In 2015, after a string of police violence went viral, the same people were singing the same tired song. Crime rates were up and it was because police weren’t able to do their job, and the first Black president, Barack Obama, obviously wasn’t helping. This faux moral panic led to the “Ferguson effect”; the idea is named after the city where Michael Brown, an 18-year-old Black teenager, was shot and killed by Darren Wilson, a white Ferguson, Missouri, cop. The theory was that after the protests in Ferguson, police would stop responding to crime, causing the crime rate to go up. It turns out the Ferguson effect was a myth. But this didn’t stop Trump from announcing his presidential candidacy in 2015 by fear-mongering about immigrants and crime.

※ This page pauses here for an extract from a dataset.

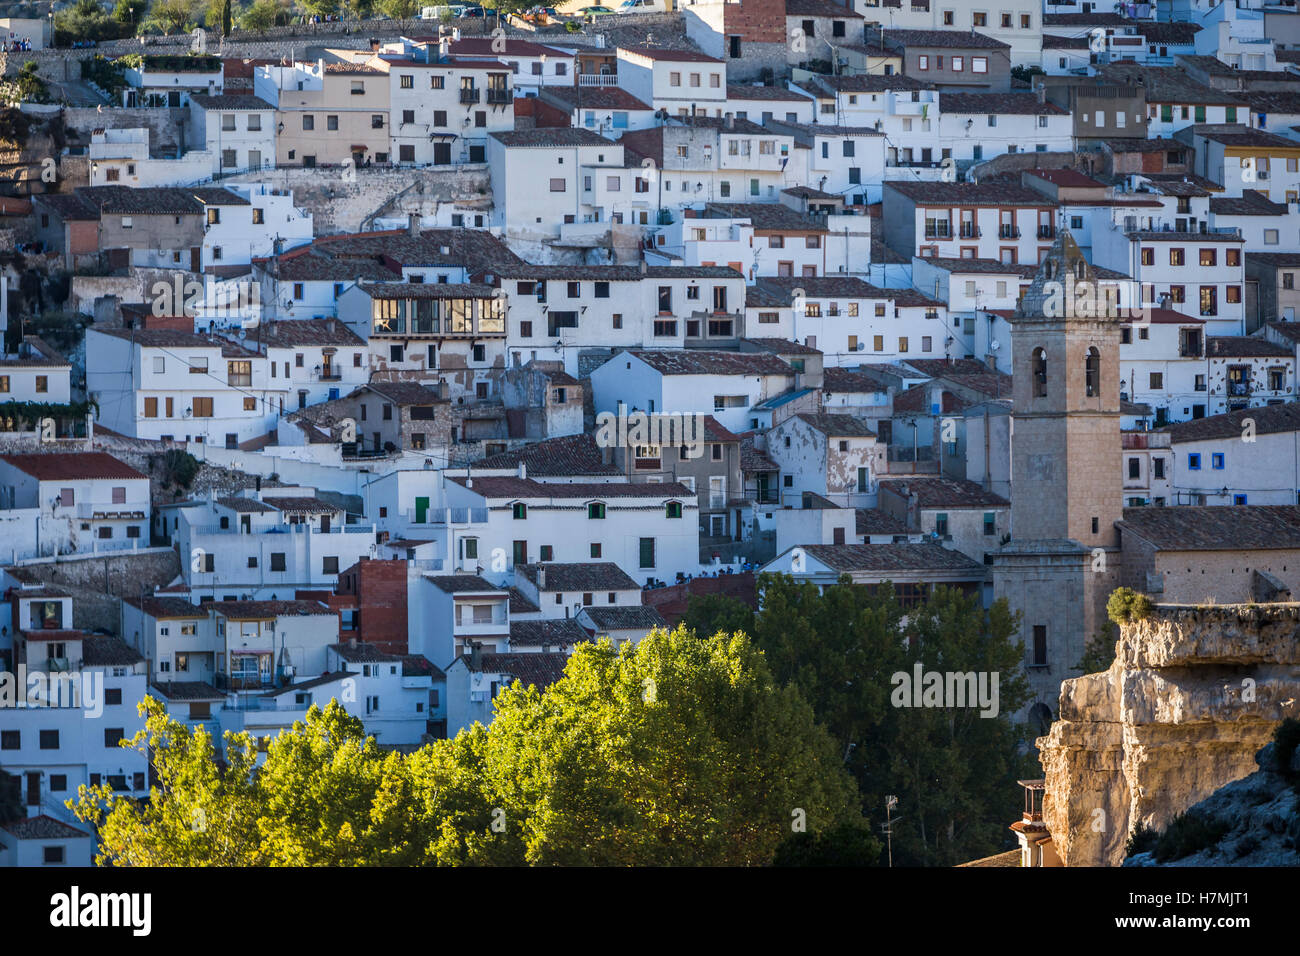 Vista panorámica de casas típicas de la ciudad durante los meses de otoño, tome en Alcalá del Júcar, provincia de Albacete, España Foto de stock

Maybe they’re not worried about crime at all but maintaining some sort of status quo in which white conservatives can weaponize data to advance whatever moral panic they’re trying to make happen. After all, despite the vast majority of murders being gun-related, the levels of gun worship have become almost pathological.

Just days after 15-year-old Ethan Crumbley was charged for shooting and killing four students and wounded seven people in Oxford, Michigan, Rep. Thomas Massie (R-Ky.) unveiled his family Christmas photo; seven people staring glassy-eyed into the camera with guns larger than a toddler. ’Tis the season.

So if the faux outrage about crime isn’t really about concern, what’s it really about? The moral panic is about the 2022 midterms and the 2024 presidential elections. If Republicans and conservatives can convince enough nice white people that they’re only minutes away from being the victim of a crime and only the GOP can save them, as history has shown, that’s an electoral advantage. But even more broadly, fear-mongering about a crime surge is about maintaining a white status quo. The racial justice protests showed that there’s a growing appetite for Black equality — which means a moral panic is never far behind.